_Activity_
Please retype the data in full and exactly; the pictures are not part of the copy.

_Raw data_
*** Begin section ***
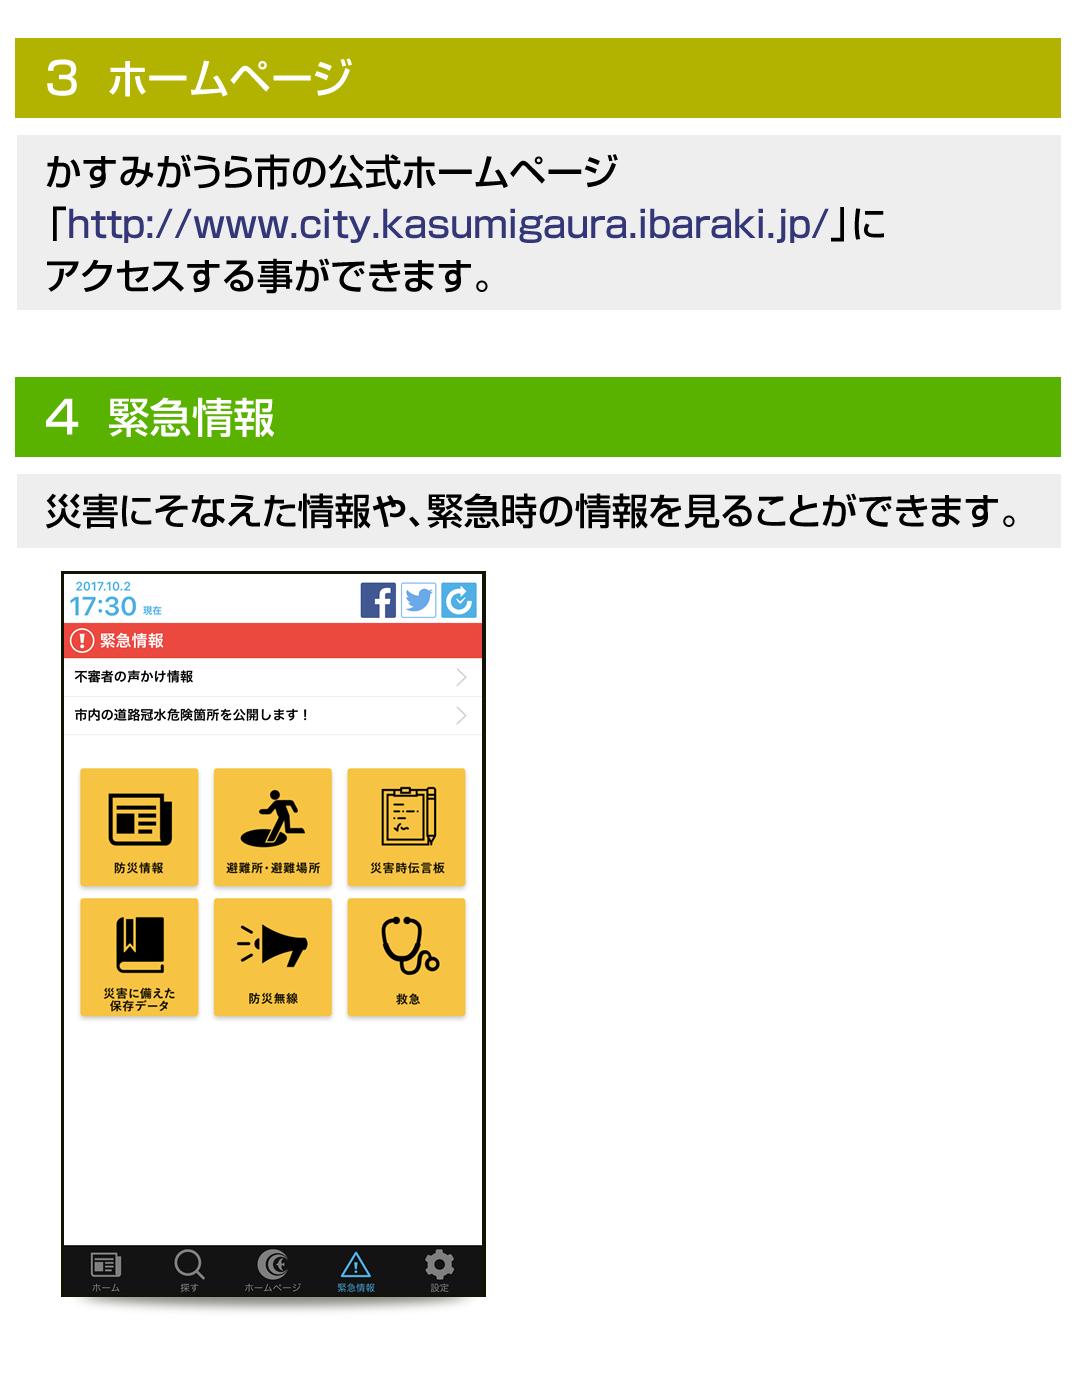 『かすみがうら市公式アプリマニュアル4』の画像
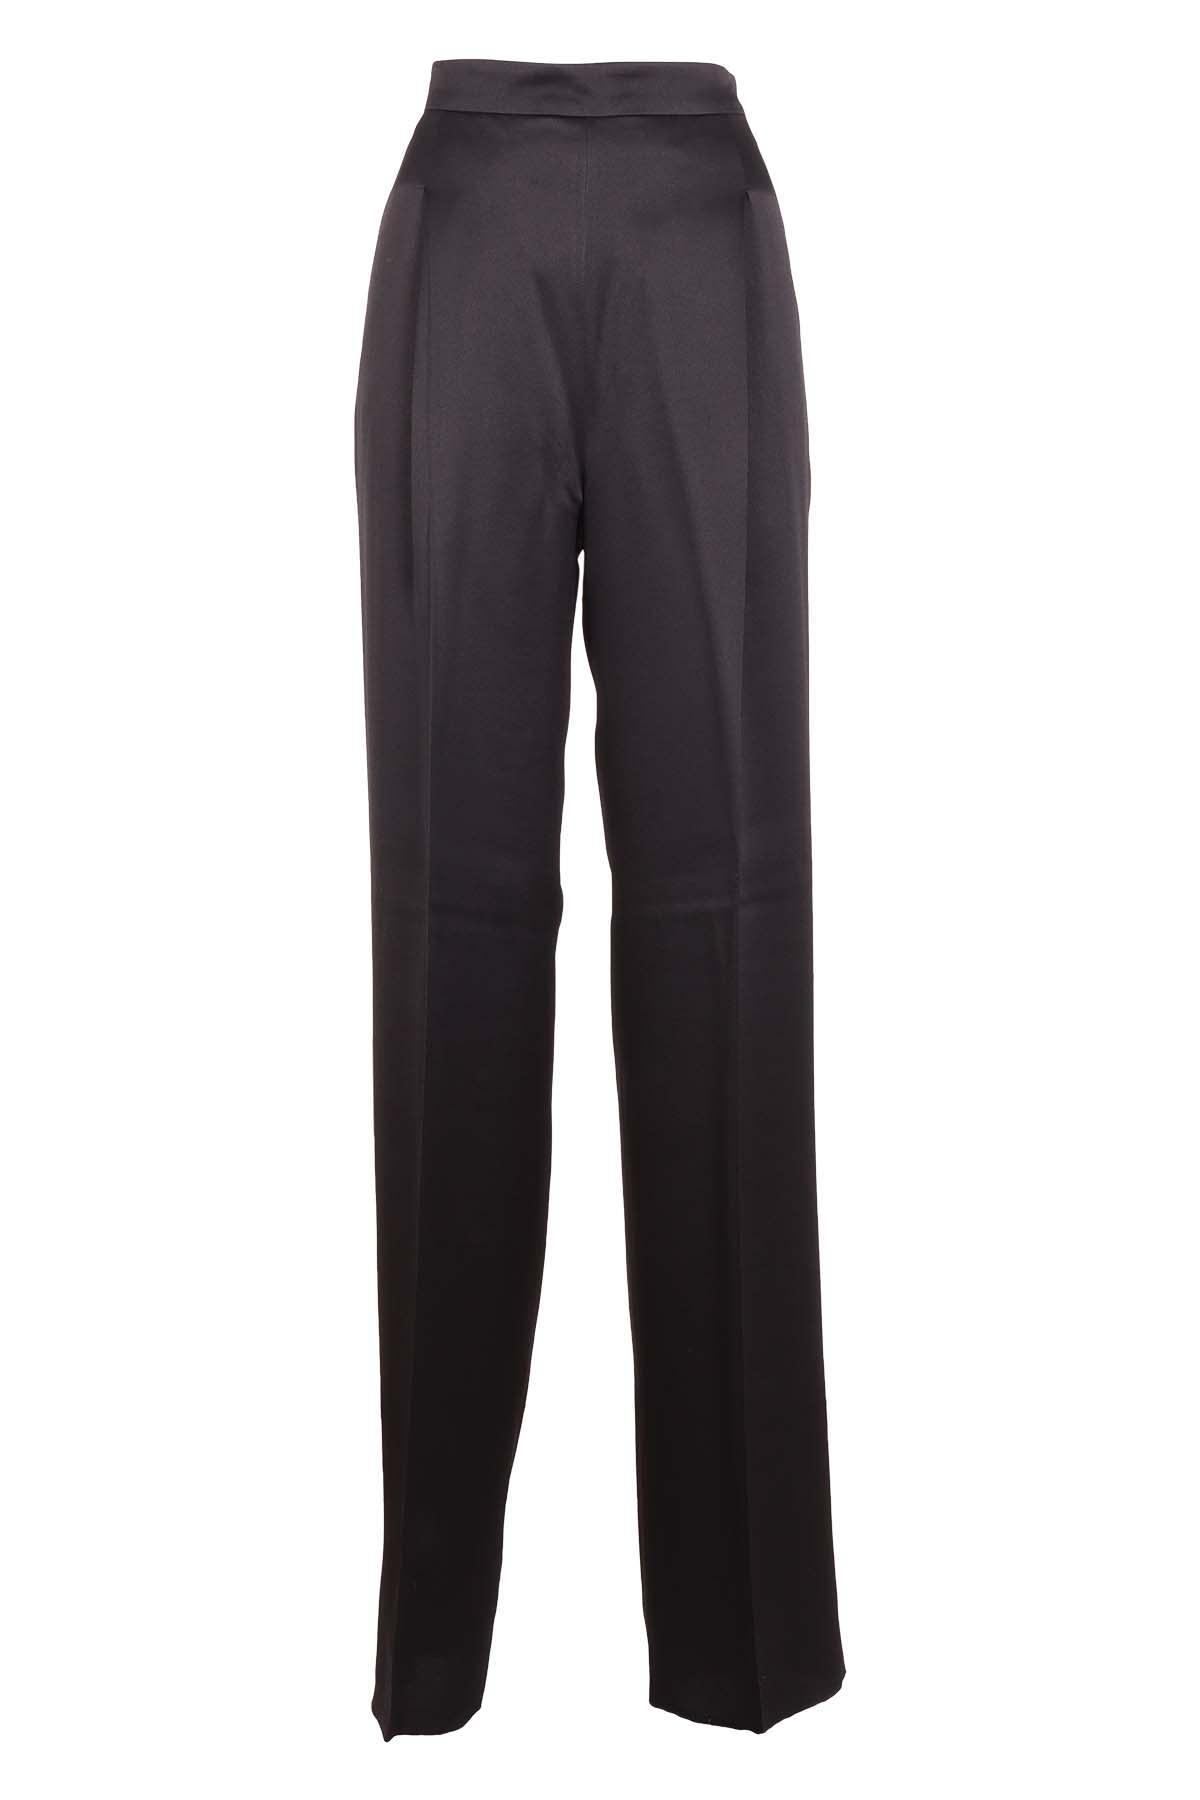 Trousers Max Mara Pianoforte
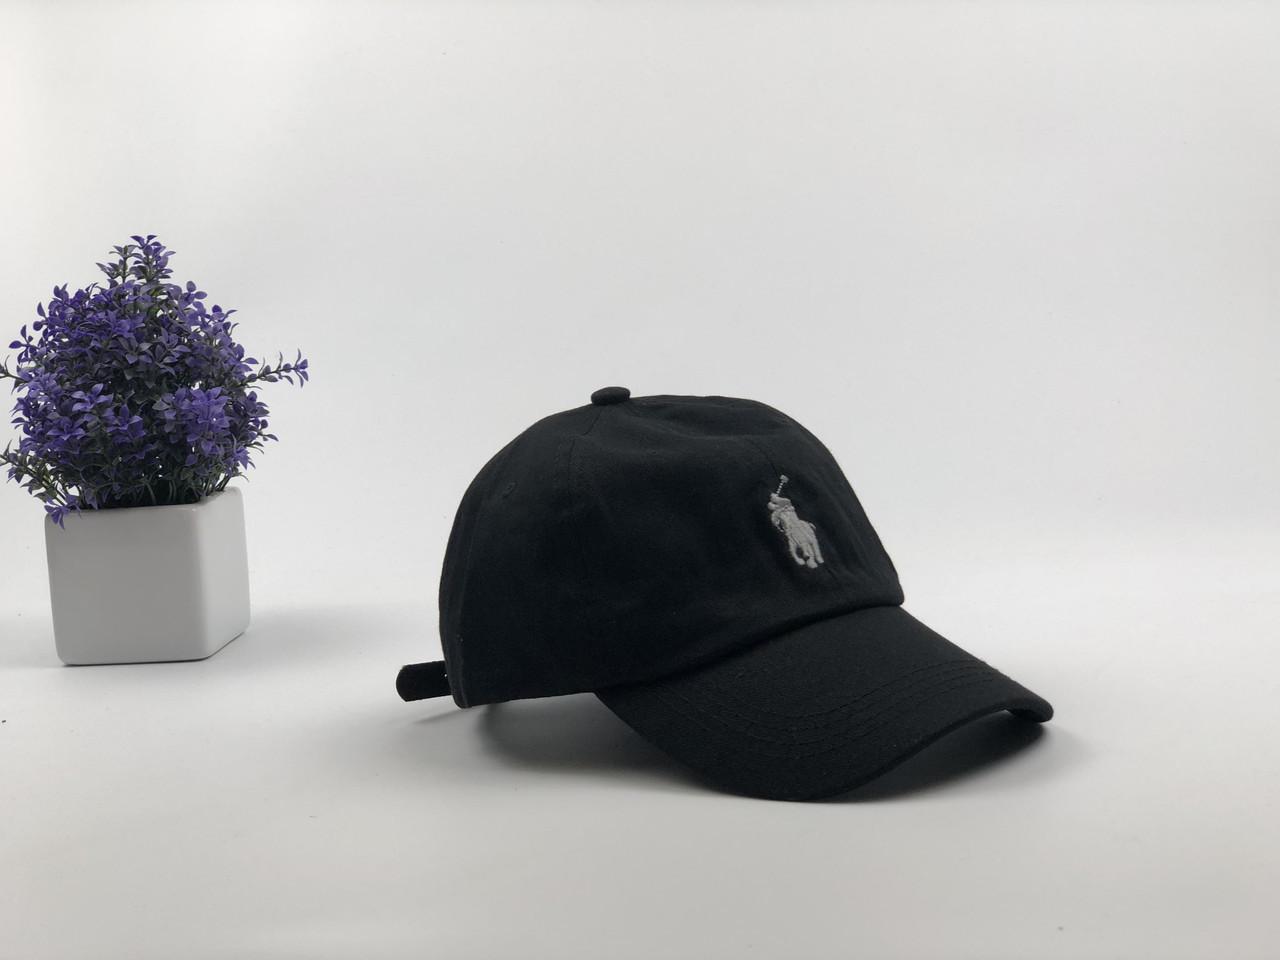 Кепка бейсболка Polo Ralph Lauren (черная с белым лого) с кожаным ремешком
*** End section ***
_Task result_
 『かすみがうら市公式アプリマニュアル4』の画像
 Trousers Max Mara Pianoforte
 Кепка бейсболка Polo Ralph Lauren (черная с белым лого) с кожаным ремешком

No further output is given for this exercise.